It’s exactly eight years since my ex husband told me he wanted to sleep with younger men.
It was in the kitchen of the cottage and his mother, who was visiting was crying quietly in the spare bedroom.
In order to tell me the news, he had to be angry and that anger had found its mark with her as well as with me.
I could feel my world crumbling in on itself, but I still tried to people please.
I made tea, and placated her by telling her it was me that was the problem and not anything she had done.
Immediately I realised that my marriage and relationship was over even though it limped along like a three legged pony for a few more weeks,
All this was out of the blue.
Many people don’t believe that, and to be honest there were clues along the way, but it was unfair in its suddenness, and devastating in its effects.
That’s why I had problems processing it all.
Now eight years on, I can’t really recall his voice.
For the past three years I have forgotten our wedding anniversary date
I don’t think about something about him every day as I used to
I don’t cry when I remember the hurt
My grief has approached the glitter stage…
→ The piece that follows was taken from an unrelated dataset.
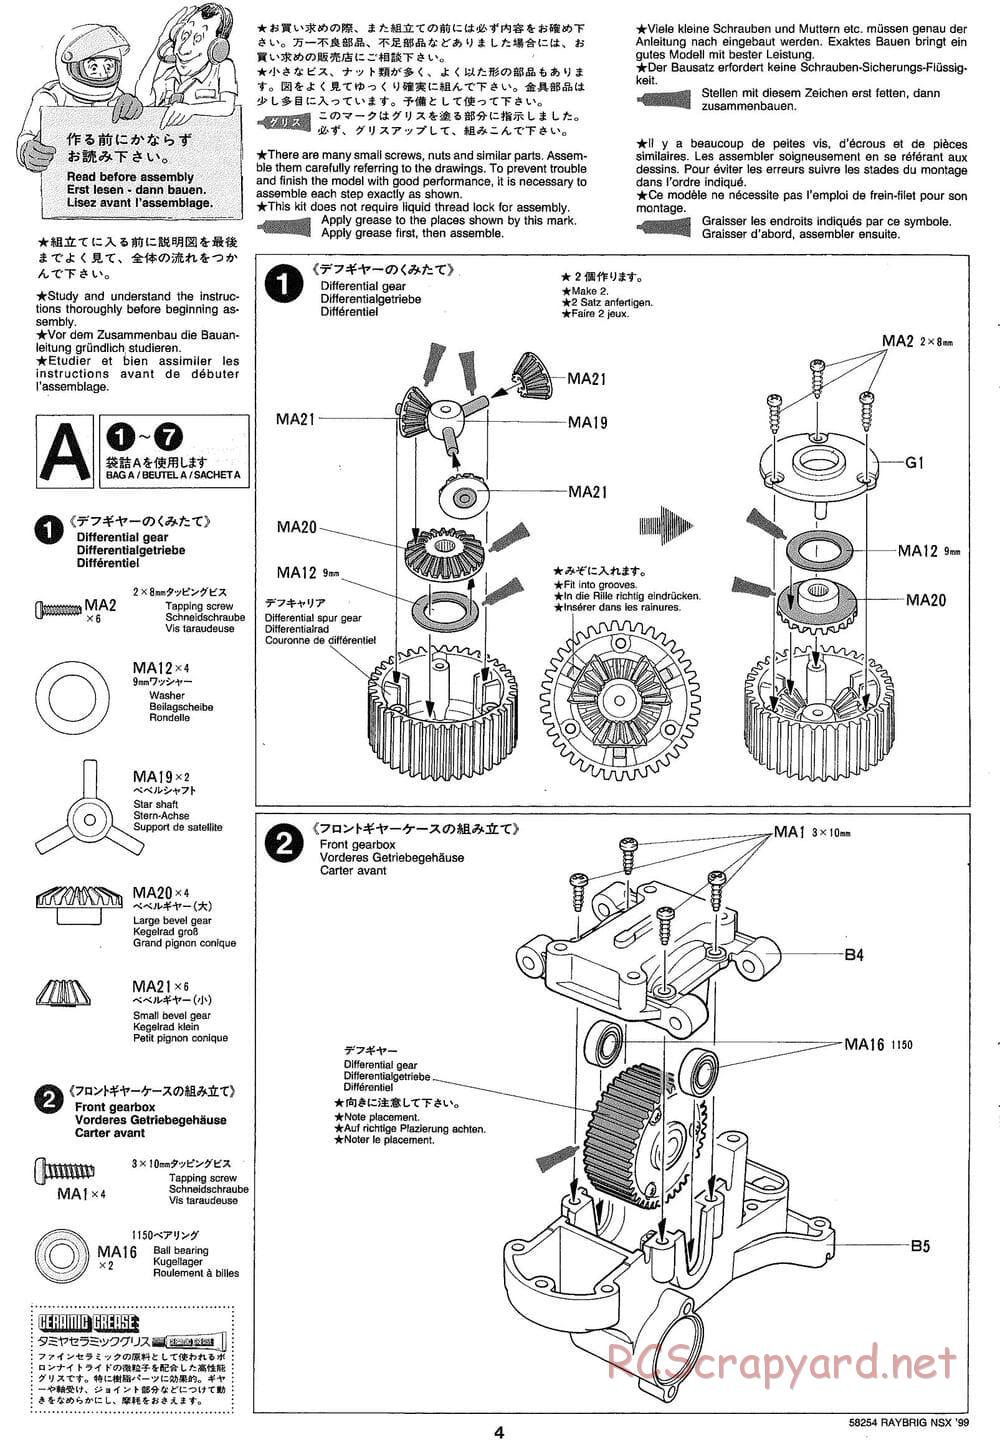 Tamiya - Raybrig NSX 99 - TA-03R Chassis - Manual - Page 4

I like the analogy of grief as glitter
To begin with it’s everywhere.
It’s irritatingly lurking in every nook and cranny, like when a child upends a tube of glitter onto a piece of paper decorated with glue
The glitter grief is all consuming and covers everything
But in time, the grief glitter is hoovered away, ok traces of it are maintained on the letters as a constant reminder of our loss, but as the glitter picture sits on the outside of the fridge, wear and tear and life rubs the design bare and clear and dull.
Years later the glitter grief may be just a few sparkles, left in an envelope, or in a corner of a carpeted room, and it serves to gently remind us of things past.